SSE4 has PMAXSD
or PMAXUD
for 32 bit signed/unsigned integers, which might be useful.
SSE2 has MAXPD
and MAXSD
which compare between and across pairs of doubles, so you follow n/2-1 MAXPDs with one MAXSD to get the max of a vector of n, with the usual interlacing of loads and operations.
There are MIN equivalents of the above.
For the double case, you're probably not going to do better in assembler than a half-decent C++ compiler in SSE mode:
peregrino:$ g++ -O3 src/min_max.cpp -o bin/min_max
peregrino:$ g++ -O3 -msse4 -mfpmath=sse src/min_max.cpp -o bin/min_max_sse
peregrino:$ time bin/min_max
0,40
real 0m0.874s
user 0m0.796s
sys 0m0.004s
peregrino:$ time bin/min_max_sse
0,40
real 0m0.457s
user 0m0.404s
sys 0m0.000s
where min_max computes min and max of an array of 500 doubles 100,000 times using a naive loop:
bool min_max ( double array[], size_t len, double& min, double& max )
{
double min_value = array [ 0 ];
double max_value = array [ 0 ];
for ( size_t index = 1; index < len; ++index ) {
if ( array [ index ] < min_value ) min_value = array [ index ];
if ( array [ index ] > max_value ) max_value = array [ index ];
}
min = min_value;
max = max_value;
}
In response to part two, the traditional optimisation to remove branching from a max operation is to compare the values, get the flag as a single bit ( giving 0 or 1 ), subtract one ( giving 0 or 0xffff_ffff) and 'and' it with the xor of the two possible results, so you get the equivalent of ( a > best ? ( current_index ^ best_index ) : 0 ) ^ best_index )

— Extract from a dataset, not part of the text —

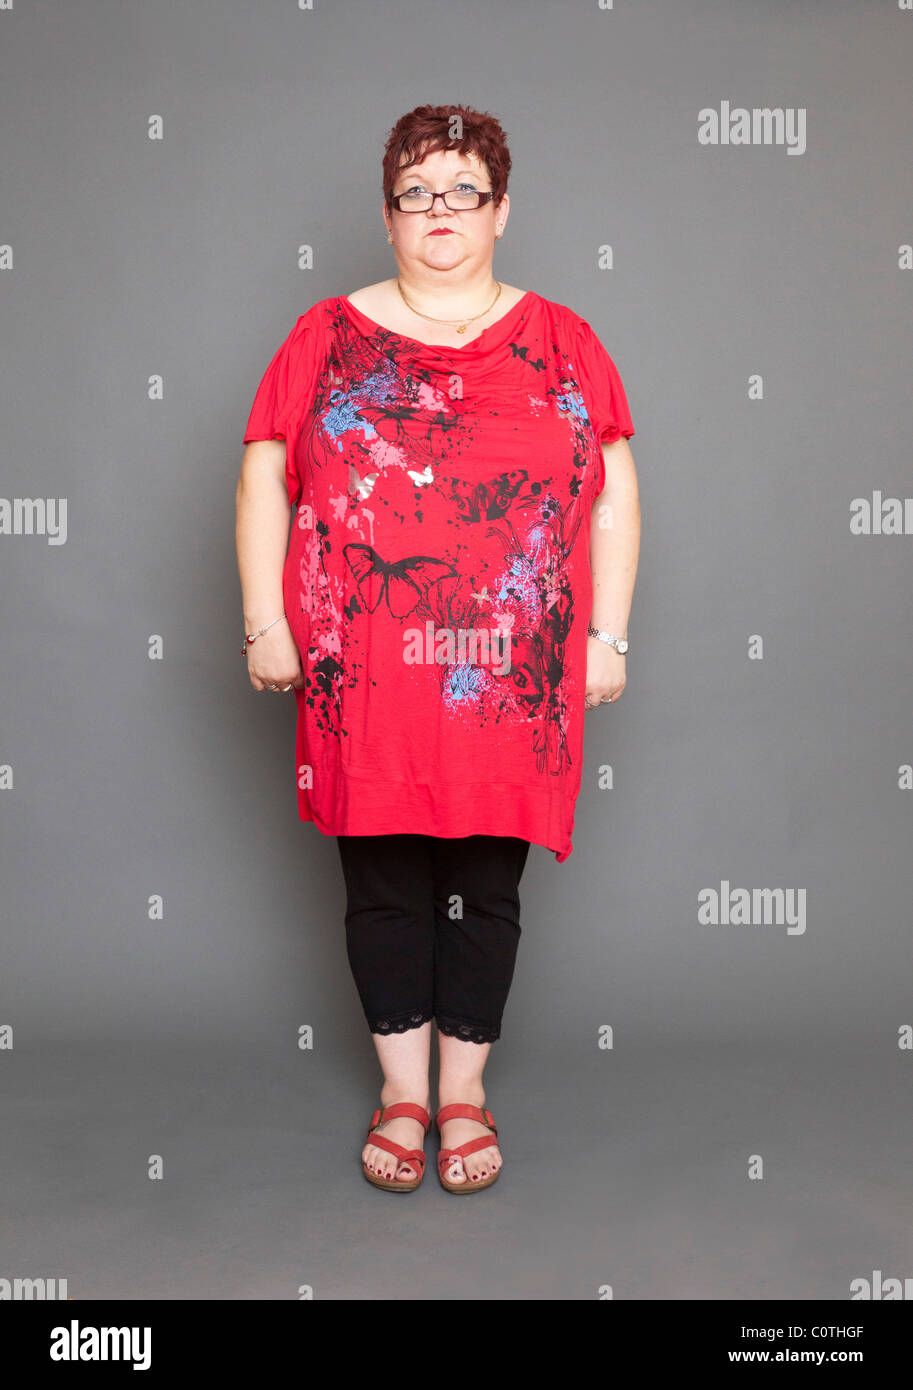 overweight woman standing upright Stock Photo Alamy

. I doubt there's a simple SSE way of doing that, simply because SSE tends to operate on packed values rather than tagged values; there are some horizontal index operations, so you could try finding the max, then subtracting that from all elements in the original vector, then gather the sign bit, and the zero signed one would correspond to the index of the max, but that would probably not be an improvement unless you were using shorts or bytes.